Le dommage moral en raison d’une fuite de données ? EUR 2’500.- !
Landgericht München, 31. Zivilkammer O 16606/20 vom 9 Dezember 2021
Scalable Capital GmbH, une FinTech allemande, octroie à Codeship Inc., une société spécialisée en Software as a Service, un accès complet à son système informatique. Malgré la fin de la relation contractuelle en 2015 entre ces deux sociétés, Codeship continue à avoir accès aux archives de la FinTech.
Or, entre 2019 et 2020, une cyberattaque contre Codeship permet aux assaillants d’accéder aux archives de Scalable Capital, en particulier à 389’000 documents de 33’200 clients.
Ces documents contiennent diverses données clients : prénom et nom, titre, adresse, adresse électronique, numéro de téléphone portable, date de naissance, lieu et pays de naissance, nationalité, situation familiale, résidence fiscale et numéro d’identification fiscale, numéro IBAN, copie d’une pièce d’identité et photo portrait prise lors de la procédure d’identification.

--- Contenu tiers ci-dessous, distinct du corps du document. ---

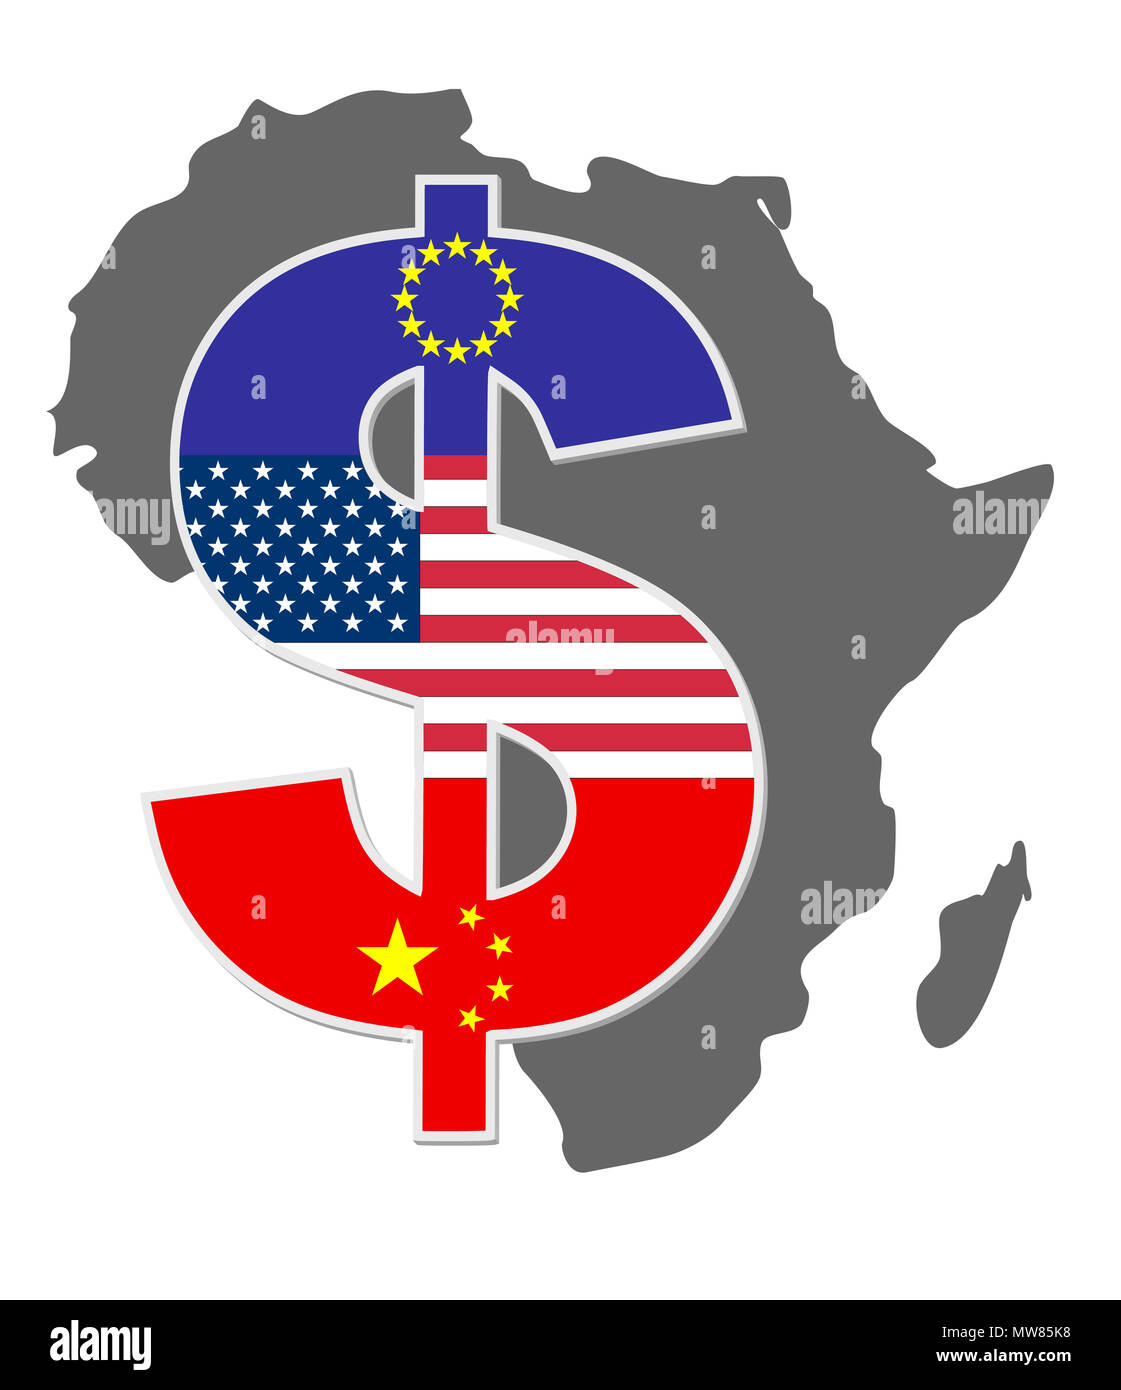 Les pays africains sont exploités par les pays occidentaux et la Chine Banque D'Images

Mécontent que ses données personnelles aient été compromises, un client intente une action contre la FinTech allemande auprès du Landgericht de Munich. Il exige que Scalable Capital soit condamnée à réparer son dommage futur. Il demande également l’octroi d’une indemnité pour dommage moral dont le montant est laissé à l’appréciation du juge.
Afin de justifier sa prétention, le client invoque l’art. 82 par. 1 RGPD. Cette disposition prévoit que
« [t]oute personne ayant subi un dommage matériel ou moral du fait d’une violation du [RGPD] a le droit d’obtenir du responsable du traitement ou du sous-traitant réparation du préjudice subi. »

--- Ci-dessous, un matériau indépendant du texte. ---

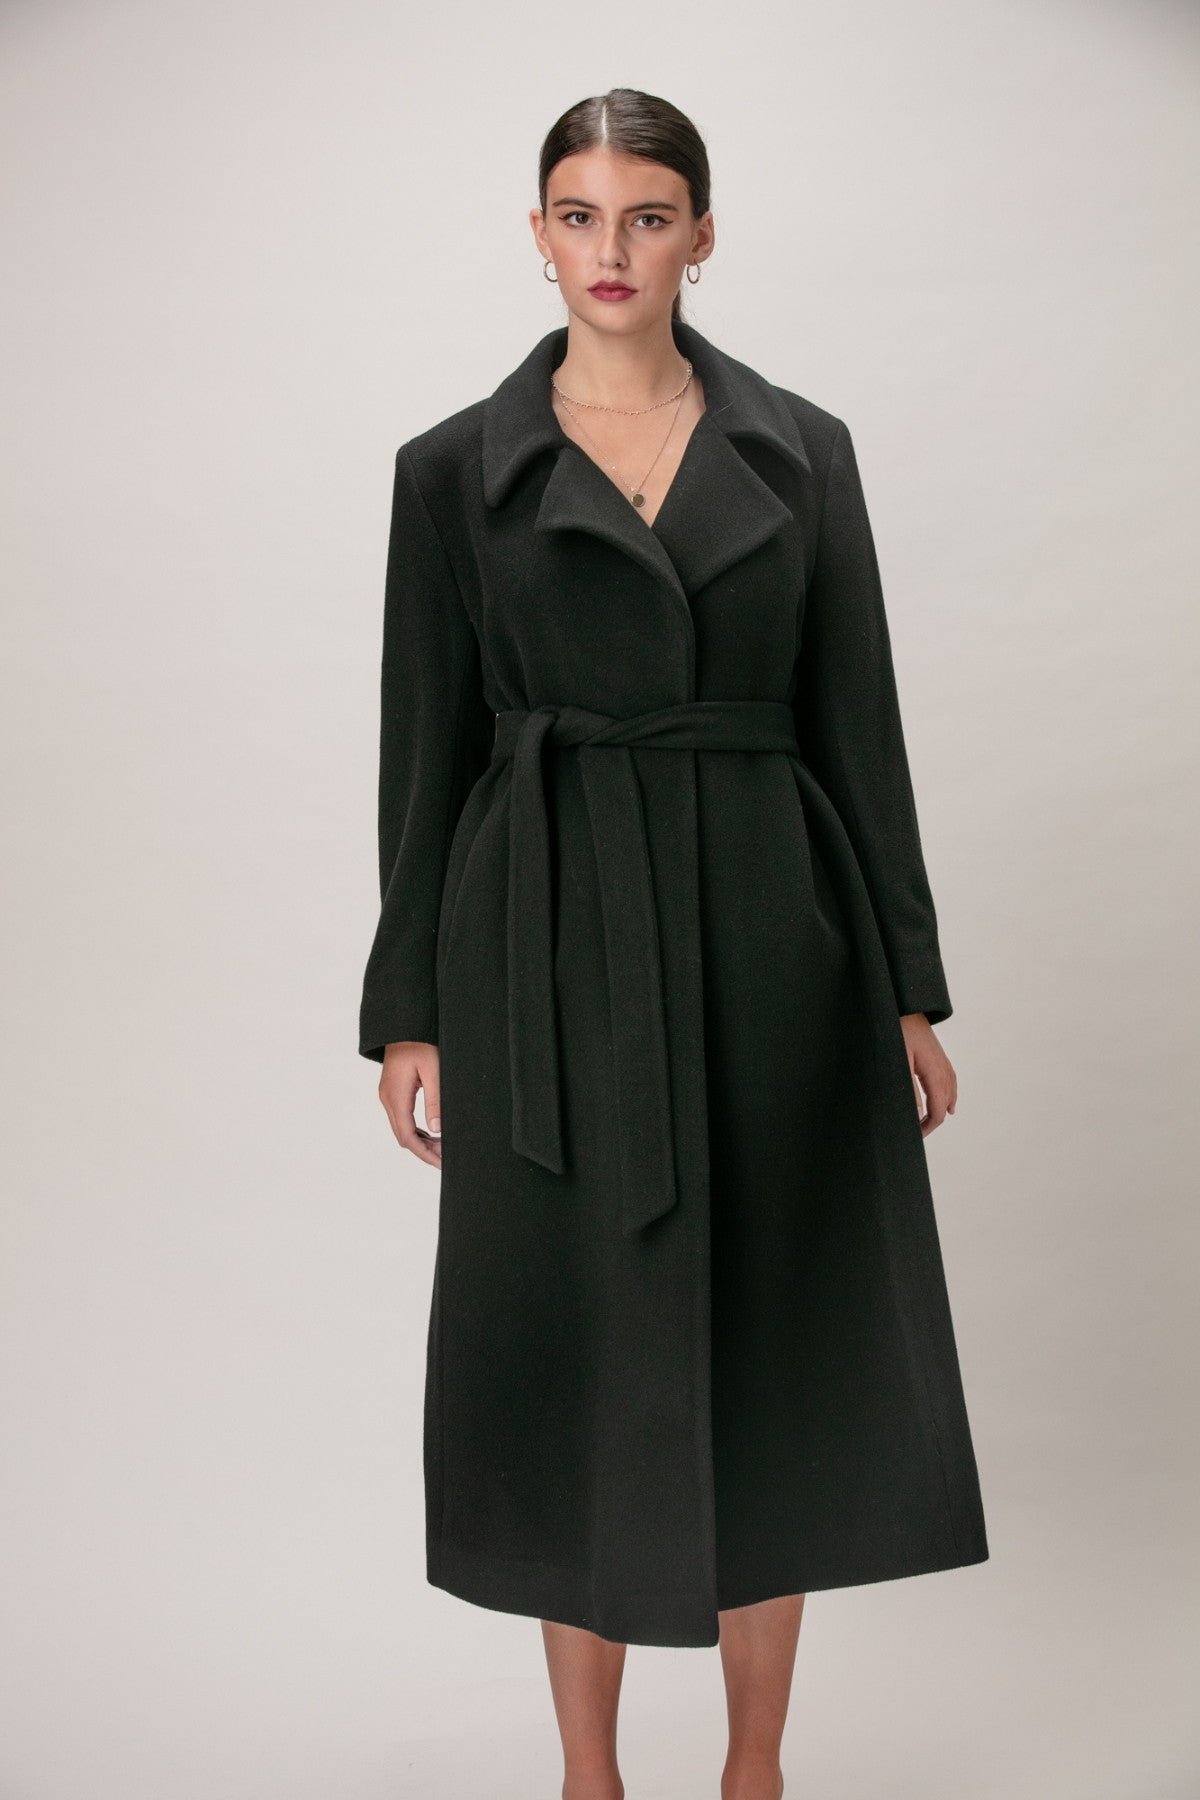 SCARLETT Wool & Cashmere Long Wrap Coat 1451 – LORNE'S COATS

Pour sa défense, la FinTech affirme qu’elle n’a pas violé le RGPD. En effet, l’origine de la fuite se trouve auprès de la société Codeship. Scalable Capital ne serait donc qu’une victime collatérale de cette cyberattaque. Par ailleurs, non seulement la société allemande bénéficierait d’un système informatique sûr, mais en plus il serait certifié selon diverses normes internationalement reconnues.
Le Landgericht de Munich rétorque à la FinTech qu’elle aurait simplement dû bloquer les accès de Codeship après la fin de la relation contractuelle. L’omission de la suppression des accès de 2015 jusqu’à la cyberattaque en 2019 constitue ainsi une violation de la sécurité du traitement au sens de l’art. 32 RGPD. Preuve en est d’ailleurs que Scalable Capital a supprimé tous les accès à ses archives précisément après la cyberattaque.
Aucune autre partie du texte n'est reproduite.